- **Supplied information**:
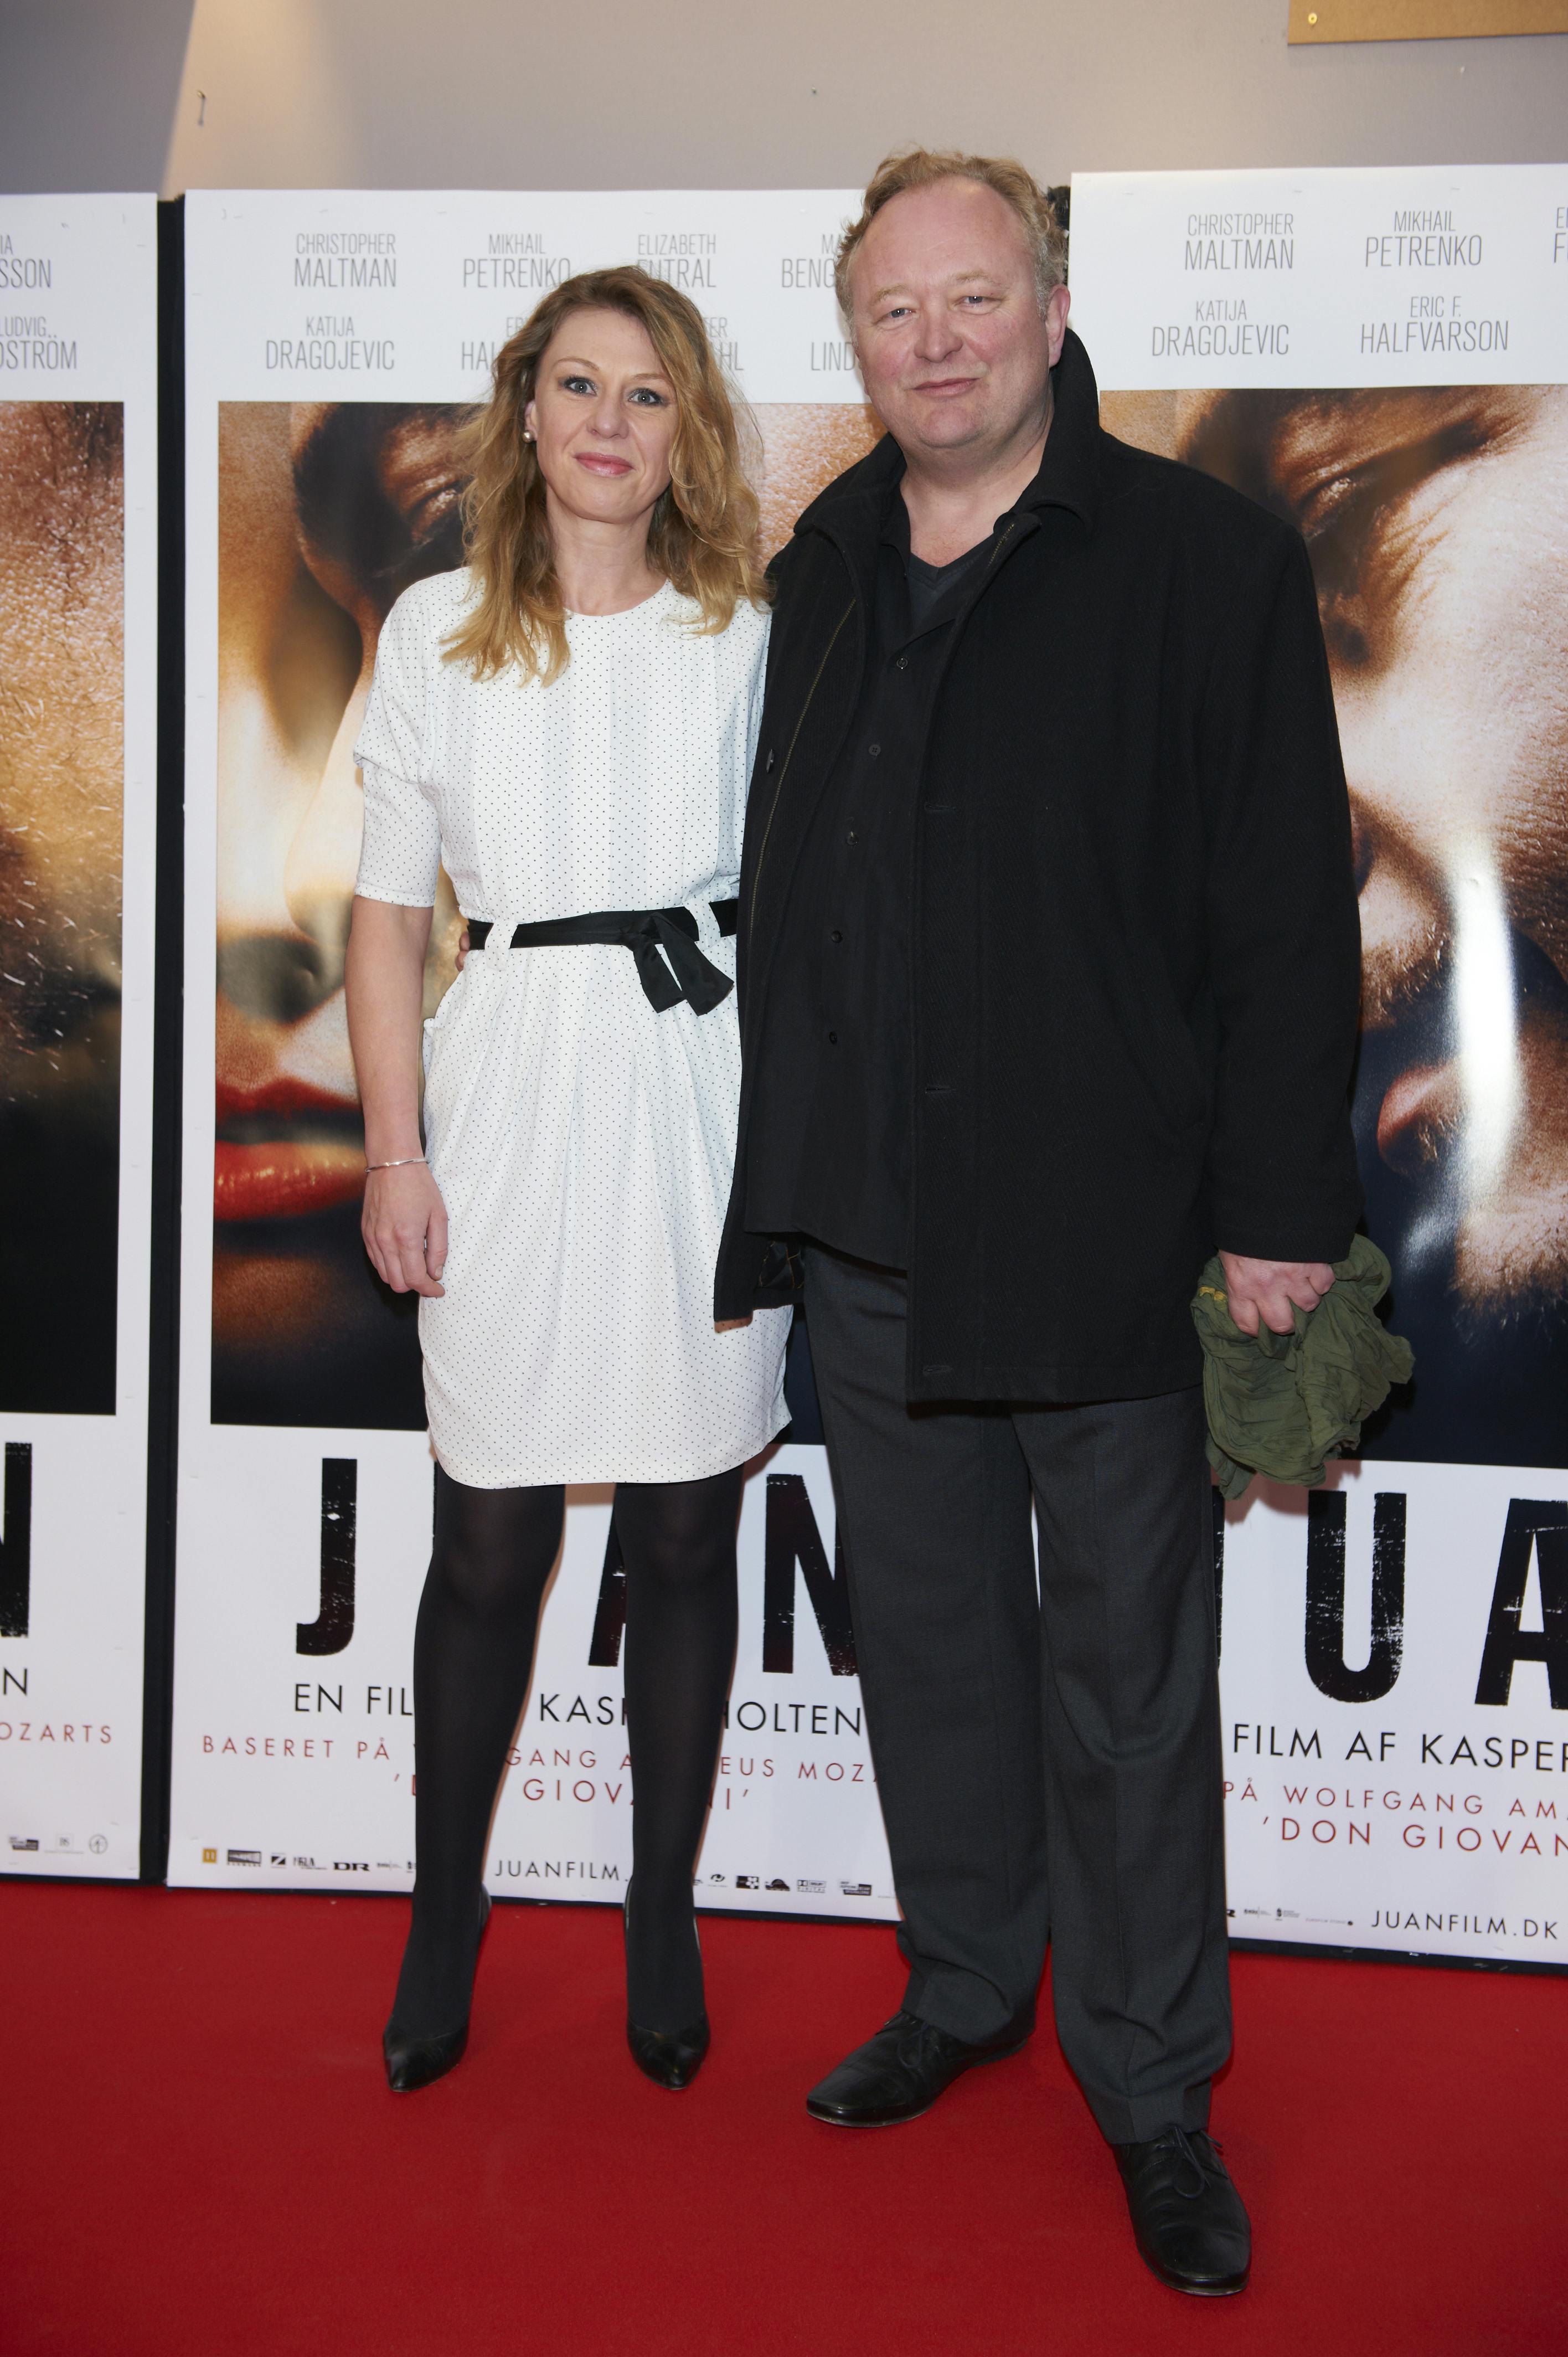 Premiere på filmen "Juan" i Imperial. - Skuespiller Bjarne Henriksen med kæreste. Dato: 02.04.2011 - Foto: Lars H. Laursen
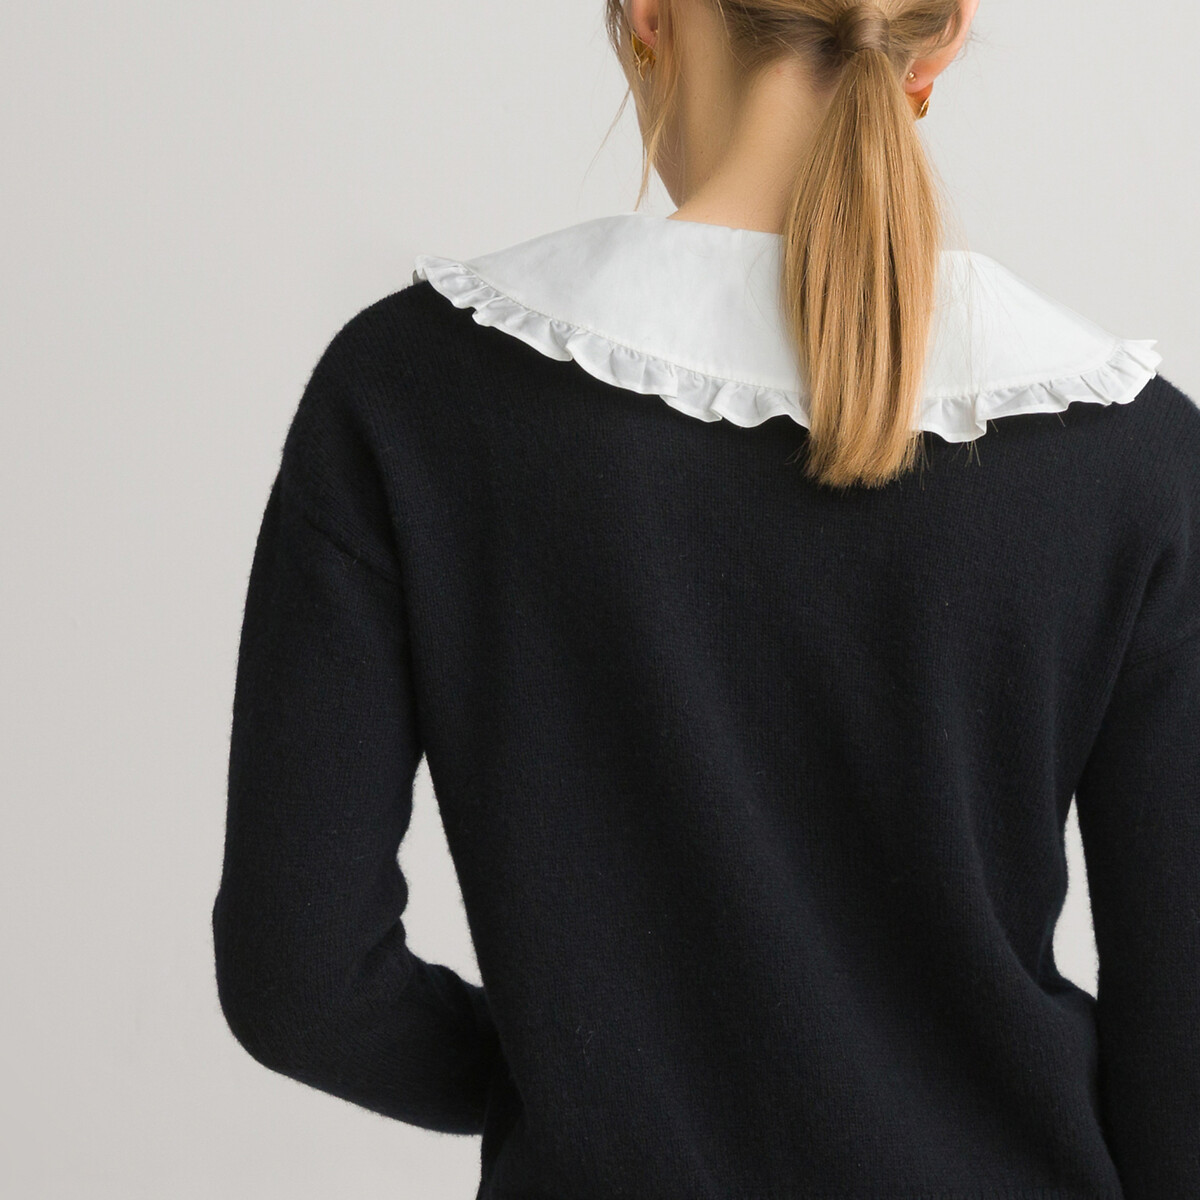 Пуловер LaRedoute 2 в 1 с отложным воротником длинными рукавами из шерсти L черный, размер L - фото 4
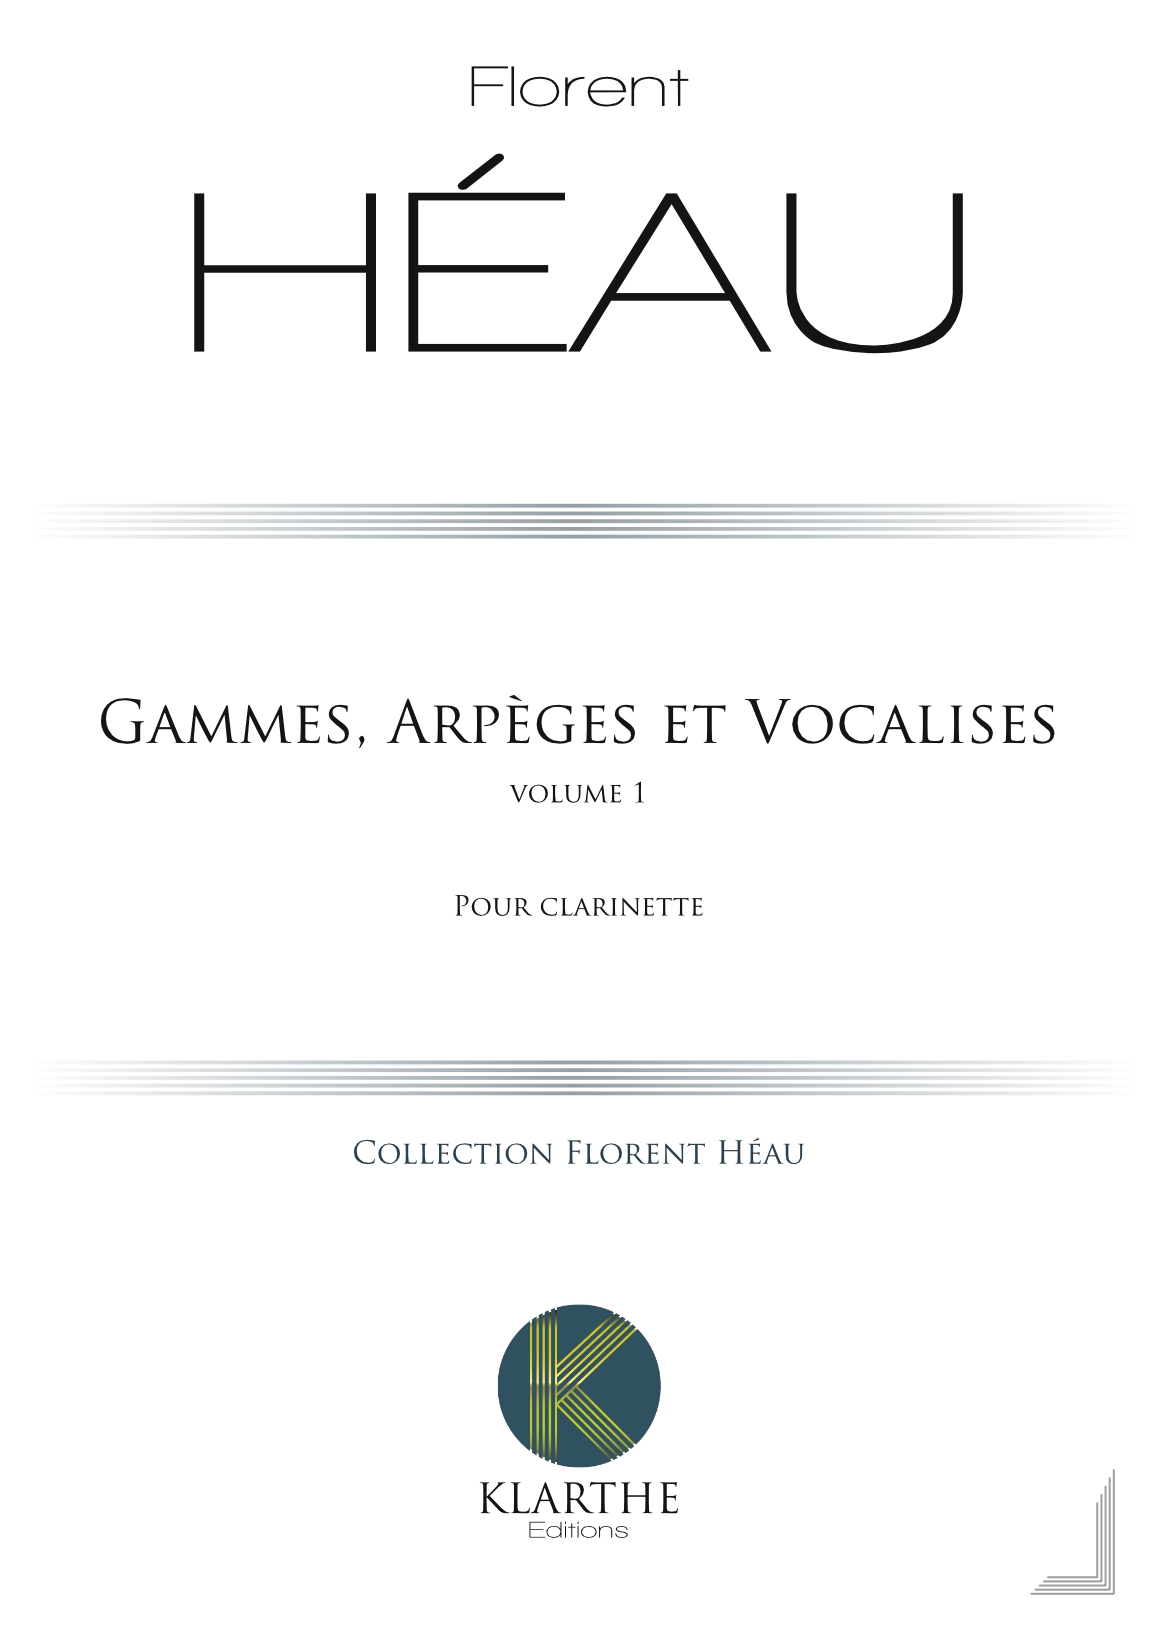 Gammes, Arp�ges et Vocalises Vol 1 (HEAU FLORENT)

- **What this task involves**:
When you repeat the lines above, keep them exact and leave out each image they contain.

- **Answer section**:
 Premiere på filmen "Juan" i Imperial. - Skuespiller Bjarne Henriksen med kæreste. Dato: 02.04.2011 - Foto: Lars H. Laursen
 Пуловер LaRedoute 2 в 1 с отложным воротником длинными рукавами из шерсти L черный, размер L - фото 4
 Gammes, Arp�ges et Vocalises Vol 1 (HEAU FLORENT)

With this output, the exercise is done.